Barbier et al. reported test–retest reliability of strain and volume-based LV function parameters, when the same operator in random order read two image sets recorded during the same examination (not a real test–retest situation) in 40 patients with normal/near normal EF (average EF 52%). The variability of global longitudinal strain was slightly lower for GLS than for EF (coefficient of variation of 5.4% and 6.8%, respectively), which is in the range of our results (calculated from our results the coefficient of variation would be 7.3% and 7.2%, respectively). Interestingly, the measurement variability was higher in the lower range of EF, which is in contrast to our study showing no association between grade of measurement variability and LV impairment [1].

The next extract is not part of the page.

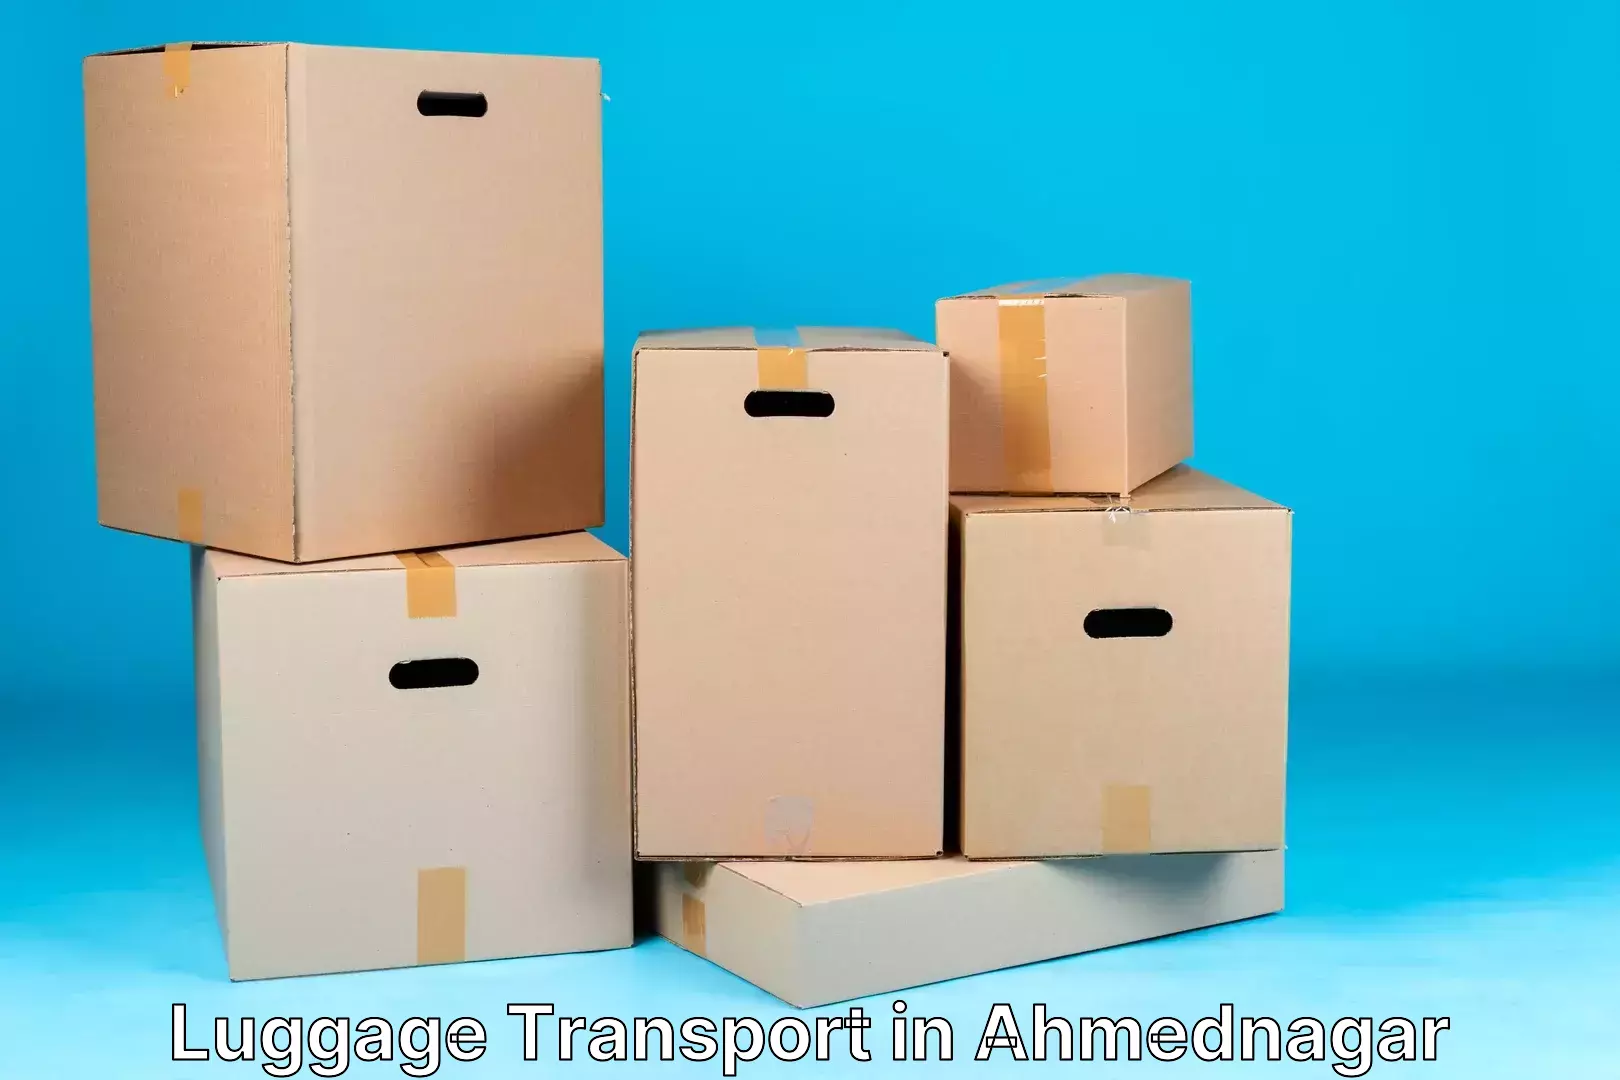 Luggage shipment processing in Ahmednagar

Thorstensen et al., in a group of 10 healthy individuals, evaluated impact of repeated recordings (within 30 min) (inter-observer reproducibility) and analyses (inter-analyzer reproducibility) on variability of LV function parameters [15]. Reported coefficients of repeatability, calculated as 2 x mean intra-subject SD, corresponding with the SDC in current study, were in similar range for EF (7% vs. 6.6% in current study) and GLS (2 strain% vs. 1.7 strain%), and slightly higher for MAPSE (1.6 mm vs. 1.1 mm in current study). They reported an equal impact of repeated acquisitions and readings on the measurement variability of EF and GLS, while for MAPSE repeated acquisitions showed slightly higher impact on measurement variability comparing with repeated readings (mean error of 4% vs. 3%, respectively). Contrary, in the current study only the variability of EF measurements was more dependent on the reader than on acquisition, while both these components to a similar extent influenced the variability of all other measurements of left ventricular function.

Study limitations

Firstly, variability of left ventricular function parameters is strongly influenced by the image quality. In the current study, we included patients with satisfactory quality of the images and with sinus rhythm, therefore the study population is selected. Secondly, the current study was performed using one manufacturer and software. Although only minor, significant inter-manufacturer differences have been described [18, 19], which in practice further compound the problem of test–retest reliability if echo machines or software from different manufacturers are used in different examinations. Thirdly, given the recently disputed accuracy and variability of segmental longitudinal strain [20, 21], as well as a limited size of the study group and its purpose to compare reliability of global systolic function parameters, we address only GLS measurements.

Conclusion

In a test–retest setting, both with normal and impaired left ventricular function, the smallest relative detectable change of EF, GLS and MAPSE was similar (11–15%), but was much higher for CS (35%). Surprisingly, reliability of GLS was not superior to that of EF. Acquisition and reader to a similar extent influenced the variability of measurements of all left ventricular function measures except for ejection fraction, where variability was more dependent on the reader than on the acquisition.